[Exercise data]
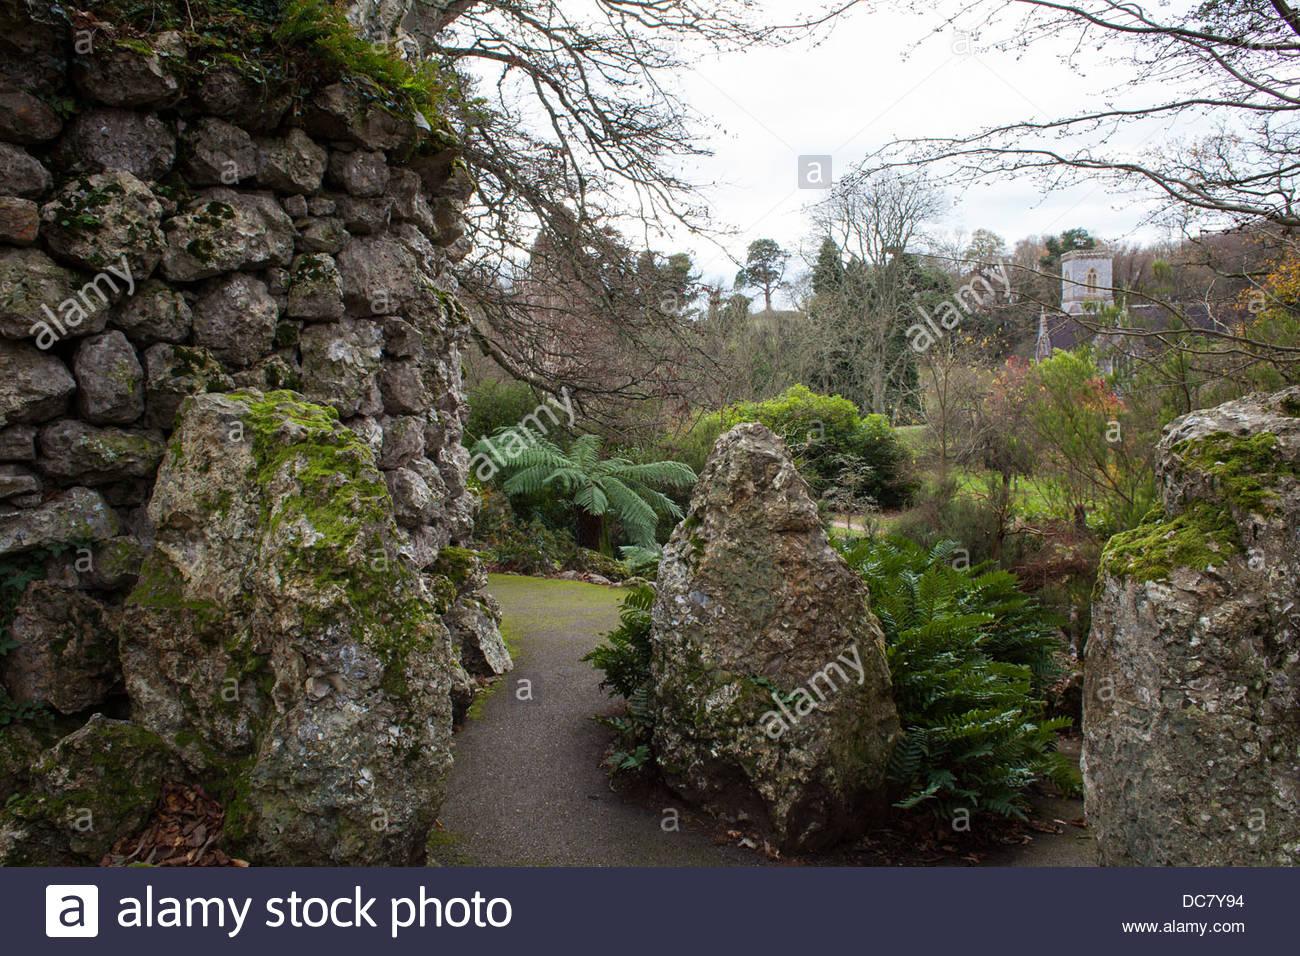 Bicton Garden Stock Photos & Bicton Garden Stock Images - Alamy
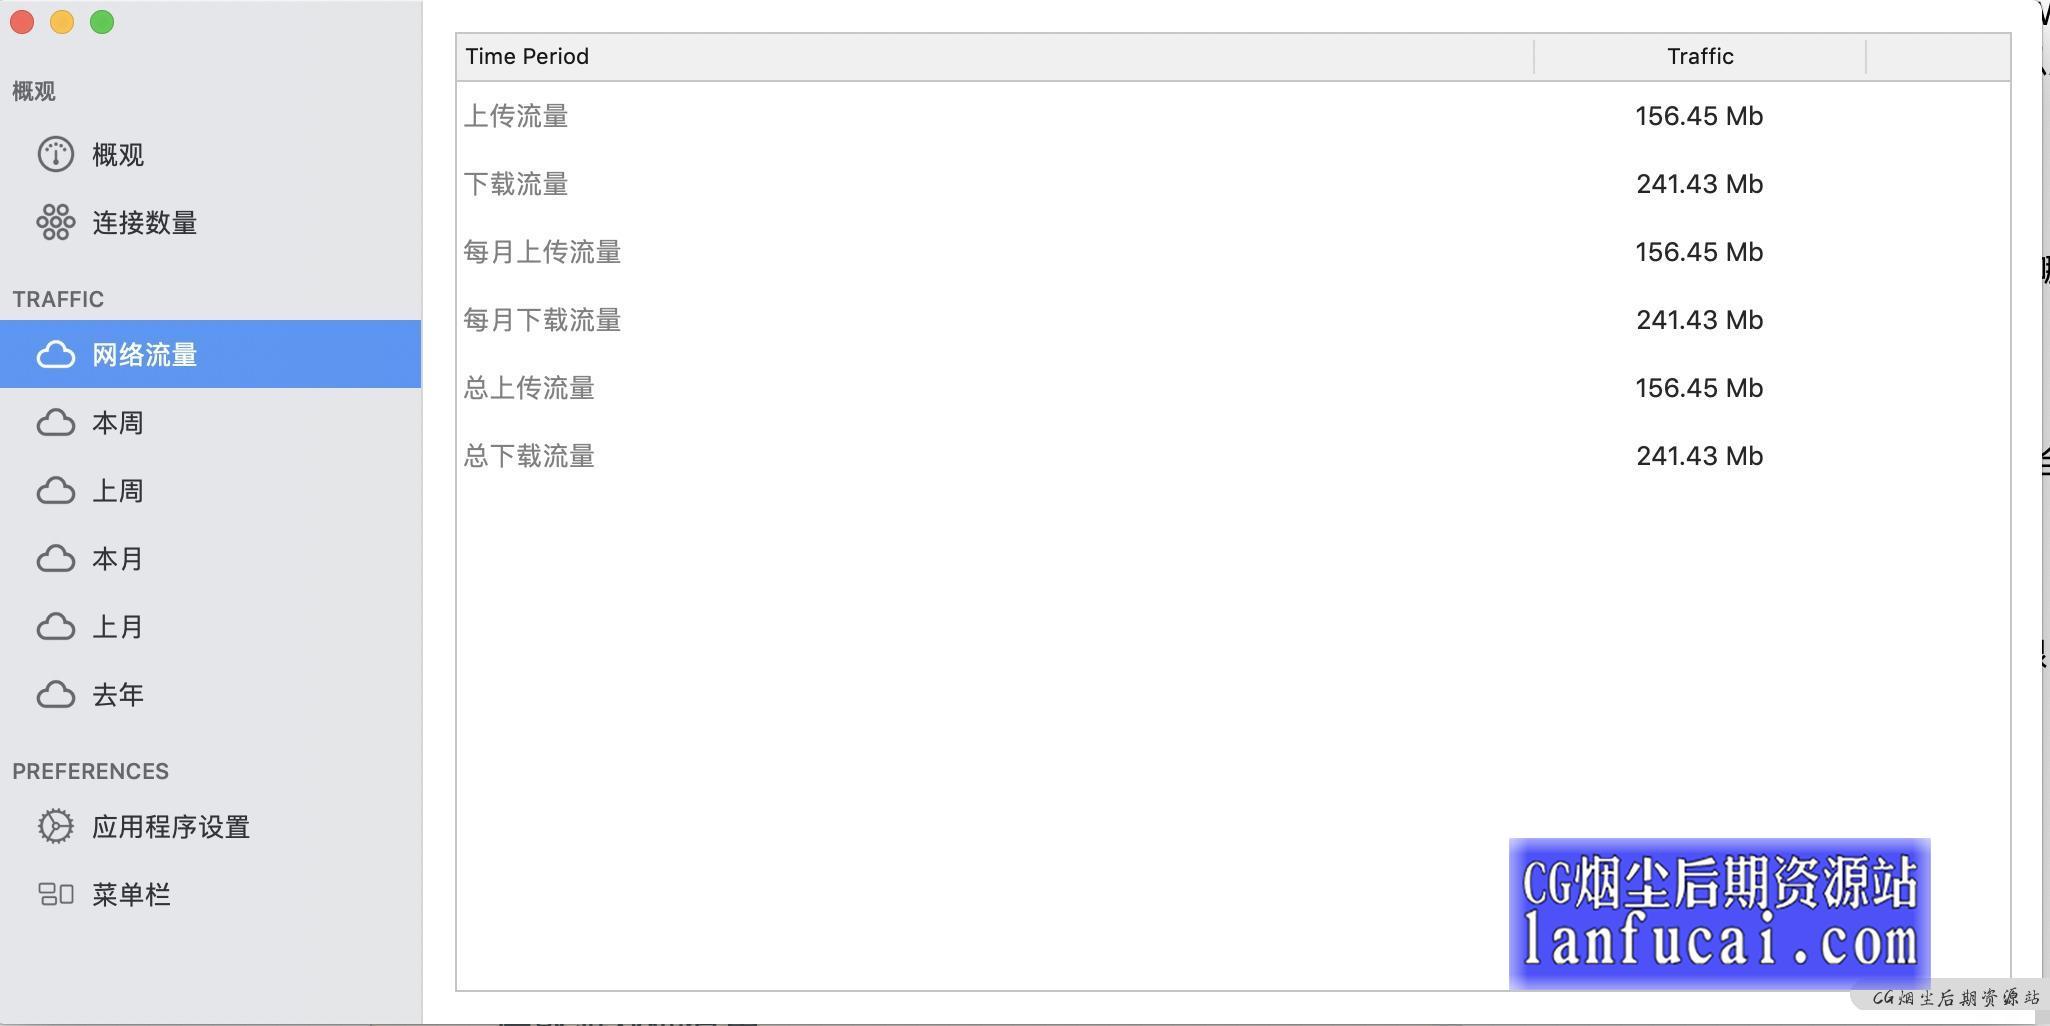 NetWorker Pro for mac(网络流量监控软件) v6.2.1-CG烟尘后期资源站
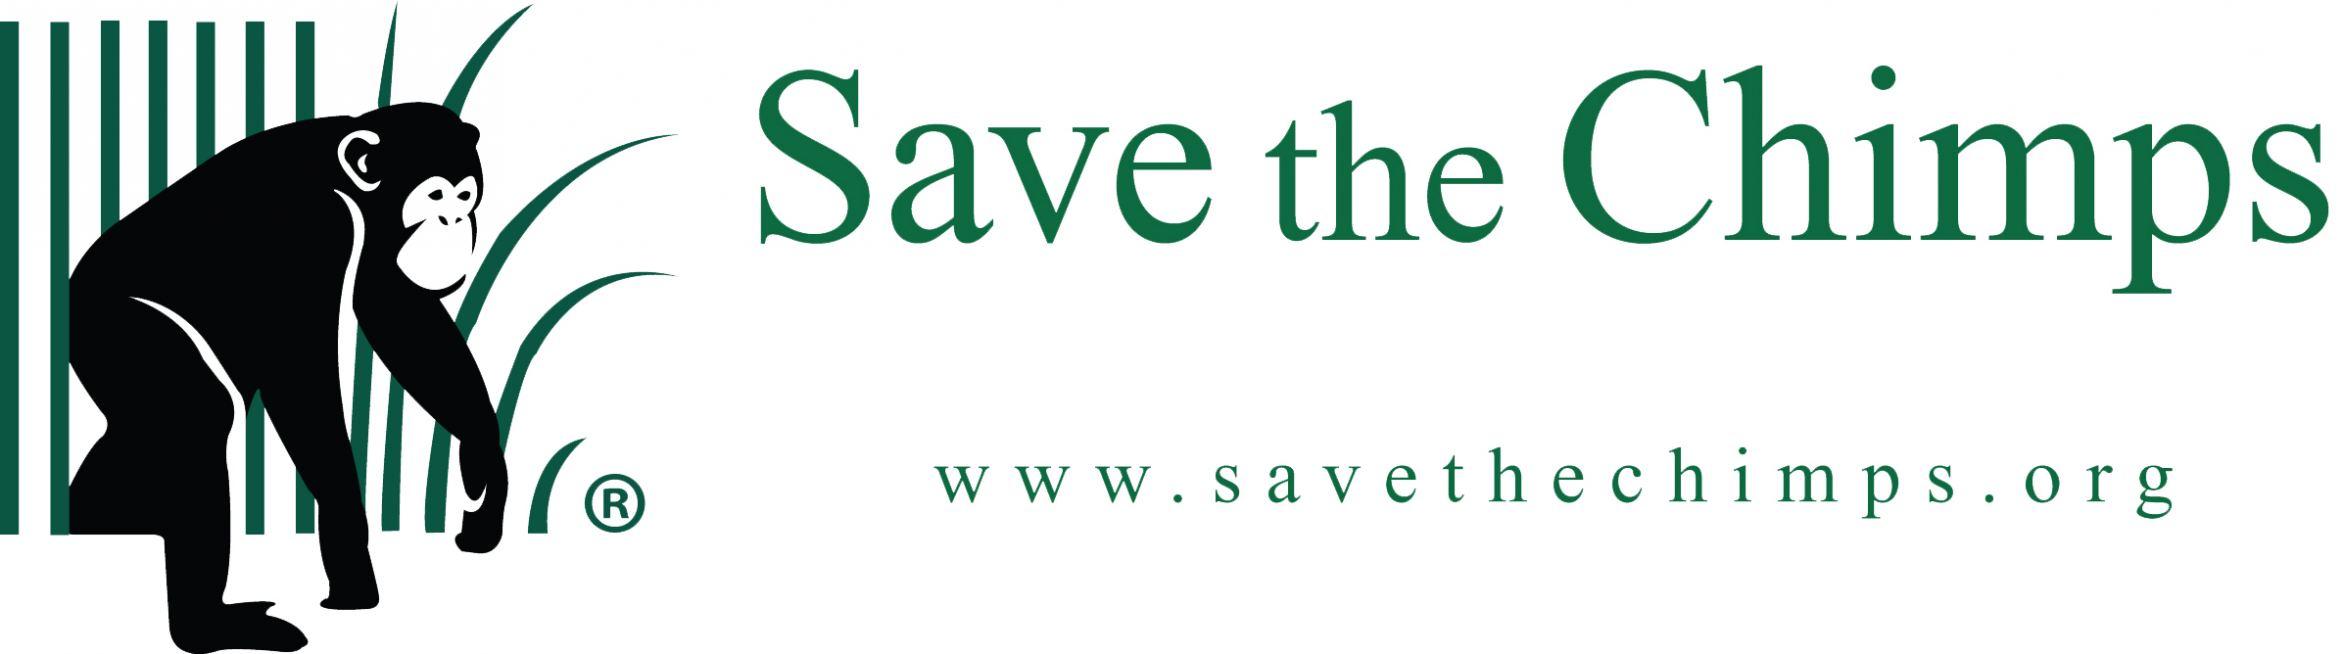 Save the Chimps, Inc. Logo

[The task] Repeat all of the data above word for word, minus the pictures.

[Output for this exercise]
 Bicton Garden Stock Photos & Bicton Garden Stock Images - Alamy
 NetWorker Pro for mac(网络流量监控软件) v6.2.1-CG烟尘后期资源站
 Save the Chimps, Inc. Logo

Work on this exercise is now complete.